Here we have the method we used in the event above. It is used to remove the periodic task we have created. To do this we first need a try catch statement to block against any unwanted errors reaching the user. Within the try statement we want to use the Remove function that is part of the ScheduledActionService. Before the next method we are going to create a Boolean object called ignoreCheckBoxEvents and set it to false. In the next two methods we have click event handlers that run when the checkbox to enable or disable the background agents is checked or unchecked.
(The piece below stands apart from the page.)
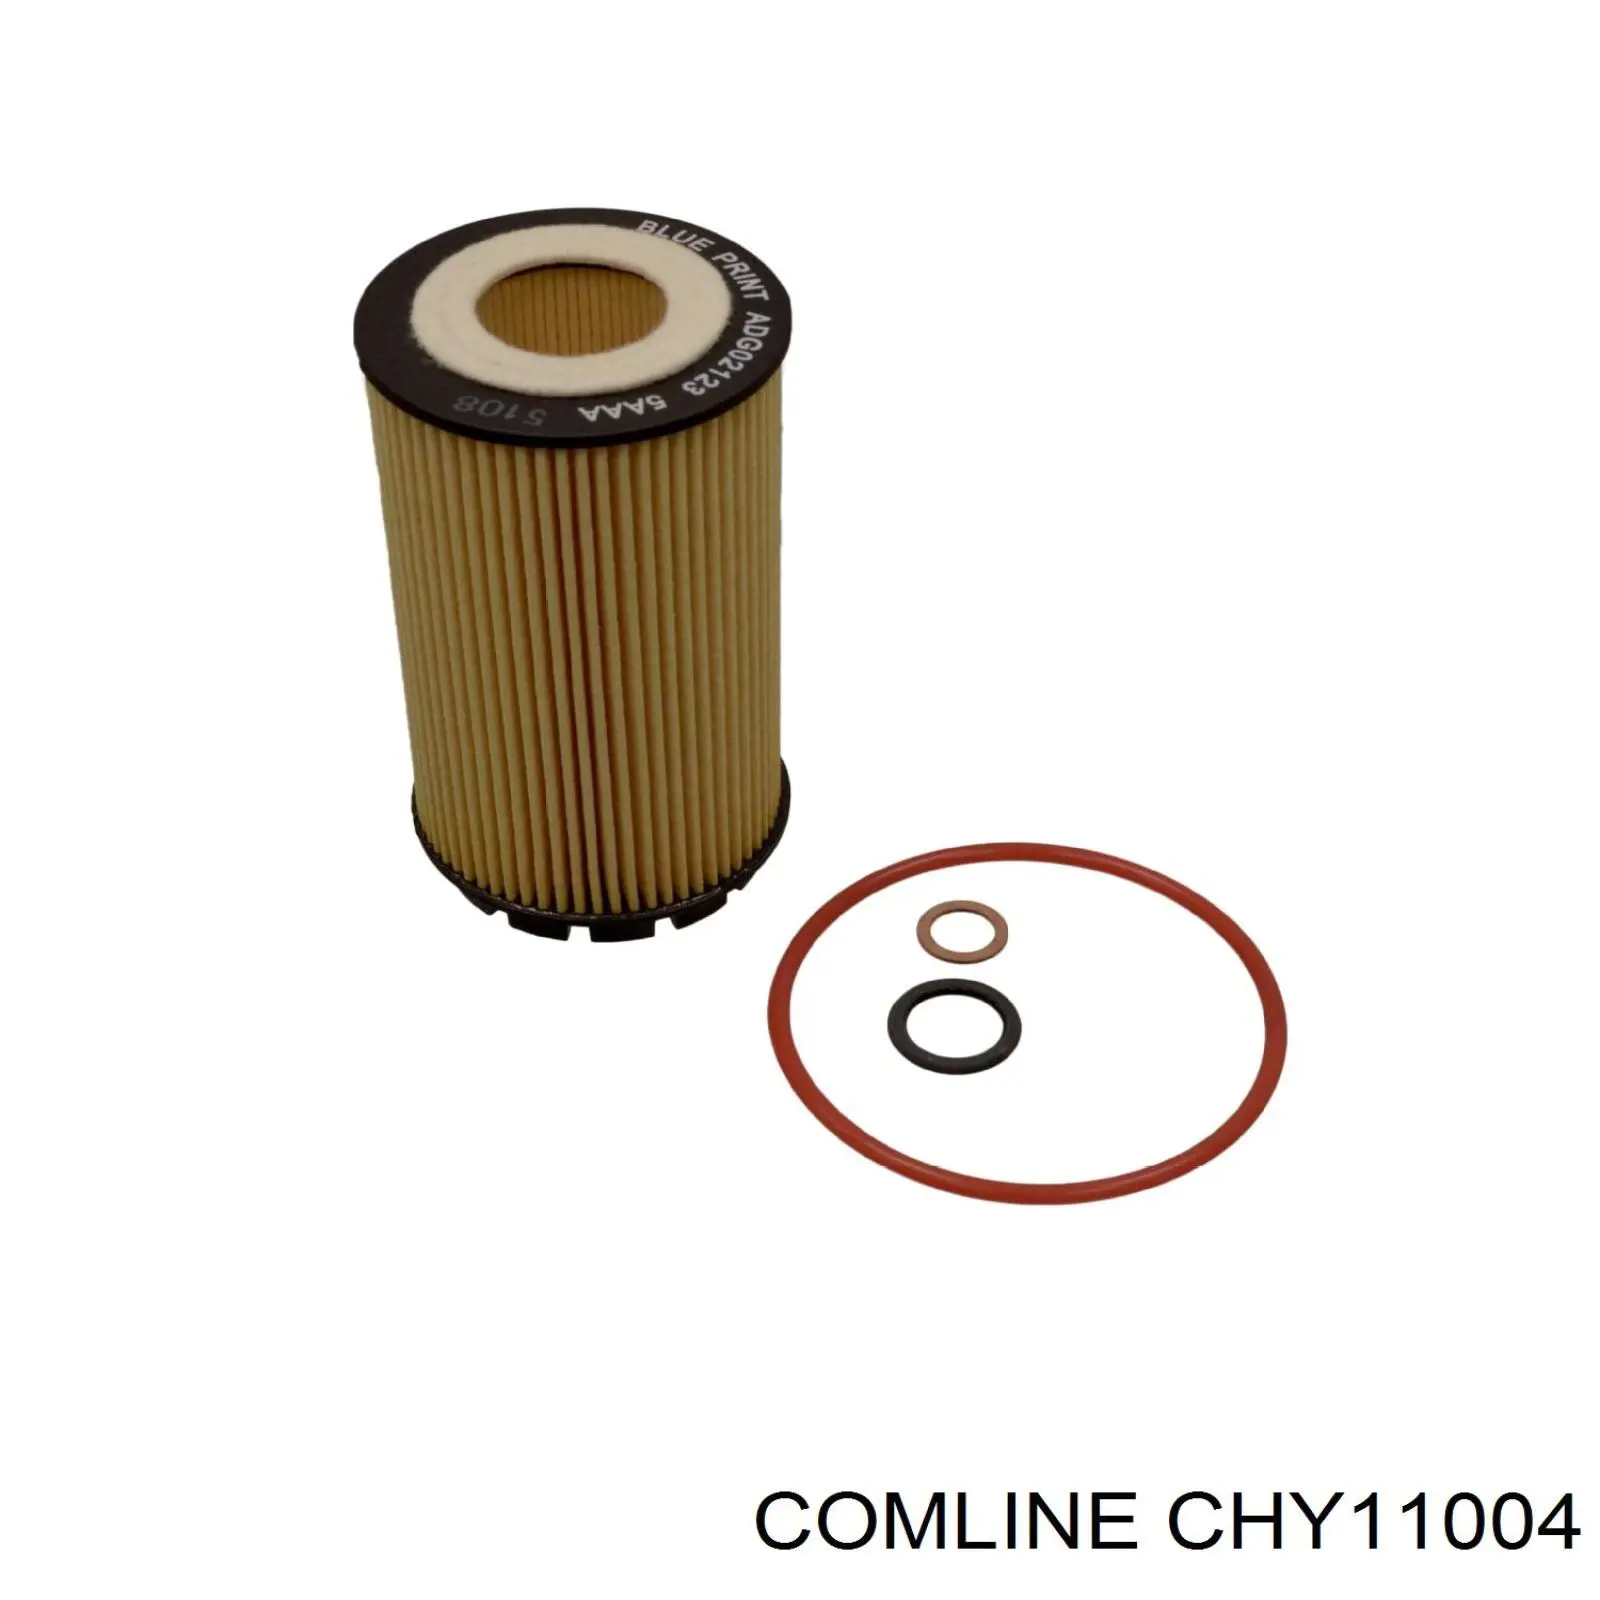 CHY11004 Comline filtro de aceite

If the checkbox is checked, we run an if statement to check and see if ignoreCheckBoxEvents is true and if it is then do nothing else run the method StartPeriodicAgent(). If we uncheck the checkbox we run an if statement to check and see if ignoreCheckBoxEvents is true and if it is then we want to return, else we run the RemoveAgent method to remove the periodic agent we have enabled.

// Use this method to bind to the checkbox and keep it checked or unchecked
protected override void OnNavigatedTo(System.Windows.Navigation.NavigationEventArgs e)
{
ignoreCheckBoxEvents = true;
periodicTask = ScheduledActionService.Find(periodicTaskName) as PeriodicTask;
if (periodicTask != null)
{
ContentPanel.DataContext = periodicTask;
}
ignoreCheckBoxEvents = false;
}
}
}

The method above is used in conjunction with the XAML file we reviewed before. We make ignoreCheckBoxEvents equal to true and look for the periodic task and instantiate it to our PeriodicTask object. If the periodic task is not empty we want to pass the notification to make it checked, else keep it unchecked. After the if statement we set ignoreCheckBoxEvents equal to false. Below we have the Windows Phone Scheduled Task Agent that we created up above. The only difference is that this is the complete code to get a push notification to appear for the user and to update the count on the tile.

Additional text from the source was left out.